I think it's the same extreme, it just shows up in different places, but fair enough. Both views are problematic.

Making major components optional

"I don't want no steenkin DB installed!". Unclick box...app doesn't work right, and now it's the vendors fault, and the vendor has to spend the time to explain to the (possibly non- or even anti-technical) user why. And the user will be on social media complaining about you.

Now, if you want some more extreme thinking, you in theory might never need to develop with a DB; you can just explicitly code all data handling in the app. There you go...no complaints about superfluous installs. Does any developer want to do that? Probably not; DBs are pretty nice abstractions for data handling.

And that's how the AI model here will be justified: this is how apps are built now, accept it or don't use the app. True or not, that'll be the party line.

including some basic information about what they are at install time is easy to do

Easy to do; hard to support. Now you're dealing with "I don't even know what a database is, much less do I want it or not" and you're doing tech support again. And the user will be on social media complaining about you.

Of course, the assumption that most users pay any attention at all to the instructions, disclosures and T&Cs of their software is almost comically quaint. Click, click, click, install.

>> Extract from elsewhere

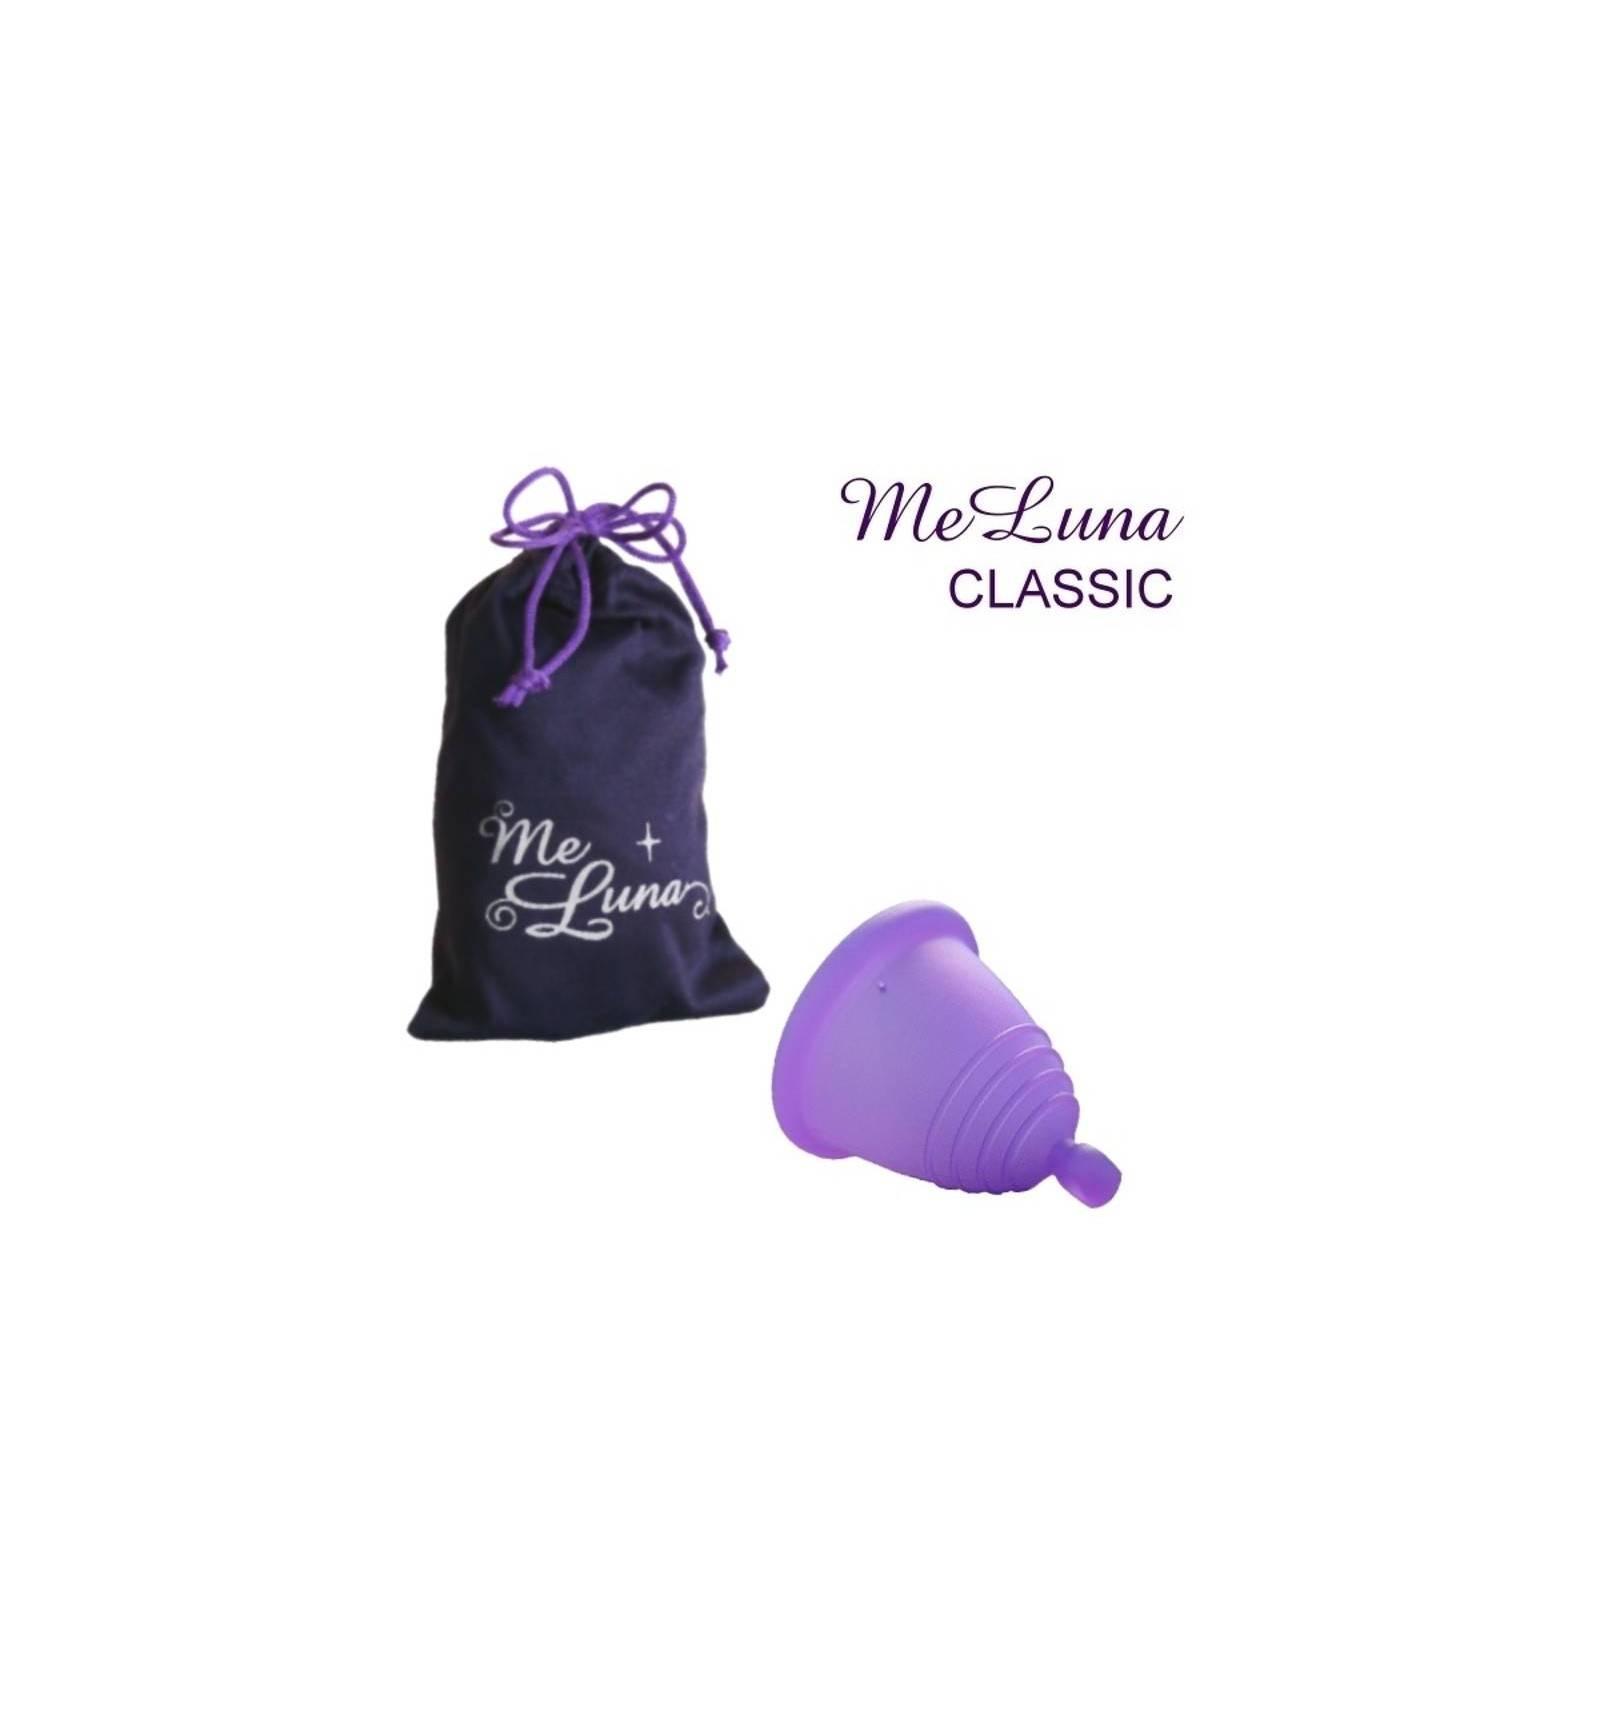 Copa menstrual MeLuna Shorty, Violeta, Classic, Bola

I think this will be increasingly true in this extended period of more expensive memory and storage media.

This is by no means the first (or, yet AFAIK, worst) shortage of computer components. In the previous ones, I recall noone who said "I won't upgrade to the latest, more bloated version of MYReallyImportantApp because I don't have enough disk/memory/cpu". They delete a less important app, or accept performance isn't so good, or bite the bullet and find the scratch to upgrade. YMMV. And complain about it on social media.

Many users will not want to spend 2% of their storage and allocate half their memory just to run a web browser.

Oh yes they will. For many/most users, a web browser is pretty much all they use outside of maybe games. And most users have exactly zero idea how much each app consumes...they just assume when they double click it's go-time.

Personally, I doubt anything more than "This app uses AI. You good? Y/N." will work.